Vera is in the path since it's in my matplotlib data dir.
> Please let me know what changes you would like to this
> module. In the mean time, I'll continue to make
> modifications.
I did a little more experimenting; I think some of the problems I was
having yesterday were from residual effects of text.fontname. To
clarify and simplify, I removed text.fontname from matplotlibrc and
matplotlib.__init__ rcParams. The ttf_microsoft fonts referred to
below are in the ttf.tar file referred to earlier; the results below
show my matplotlibrc entry and the filename returned by findfont
# ok, verdana san serif
font.family : san-serif /home/jdhunter/src/ttf_microsoft/verdana.ttf
# ok this is a serif font
font.family : serif /usr/X11R6/lib/X11/fonts/TTF/luxirr.ttf
# what's happening here? fail silently? cour.ttf is in ttf_microsoft
font.family : Courier /home/jdhunter/src/ttf_microsoft/verdana.ttf
I think the ability to define a family and let the system choose the
best match is good, but there are cases where this may not be
desirable.
* If you are an application developer and want your app to look just
the same across platforms, you may distribute it with a font file
and you want to make sure that file is chosen.
* The majority of users will probably be more familiar with the names
Courier and Times than with font families monospace and serif.

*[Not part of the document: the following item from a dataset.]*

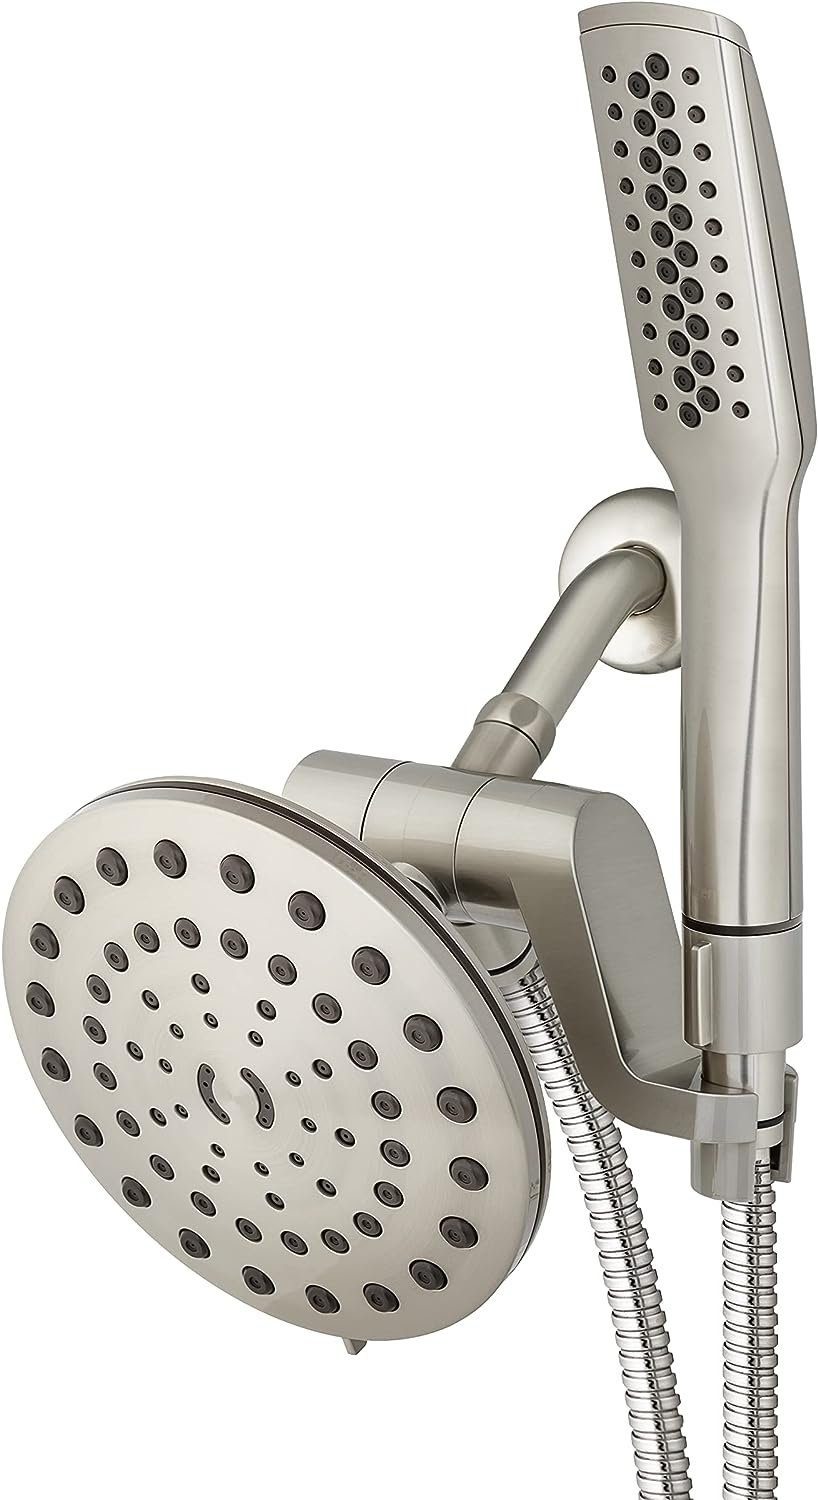 Waterpik High Pressure Pulsating Shower Wand and Rain Shower Head Combo with Extra-Long 8-Foot Metal Hose

Should we provide a mechanism so that users can specify fonts this
way? Eg, you may know you have Courier on your system and you
don't care about portability. Is there a way in the current setup,
for example, a user who wants to specify Courier?
For the first of these two cases, one idea is to allow a user to
specify a filename
font.family = Vera.ttf # search path for Vera.ttf
Users who distribute apps with matplotlib and want a guaranteed font
(such as myself!) can use one of the fonts that are distributed with
matplotlib and rely on the normal environment vars (MATPLOTLIBDATA and
TTFPATH) to provide the dirs those fonts will reside in. Since no
legitimate family name or font name will match the pattern *.ttf, we
can safely do this. What do you think? If this is not sufficiently
elegant, we could consider font.file as an additional attribute which
defaults to None.
For the second of the two cases, I'm not sure....
So fontname plays no legitimate role anymore?
On an unrelated note, I don't think we need any of fontname,
fontstyle, fontangle, fontvariant or fontweight in the Text __init__
method, but we should preserve the getters and setters as discussed
earlier for user interface compatibity (the __init__ function is not
in the user interface but the text methods are).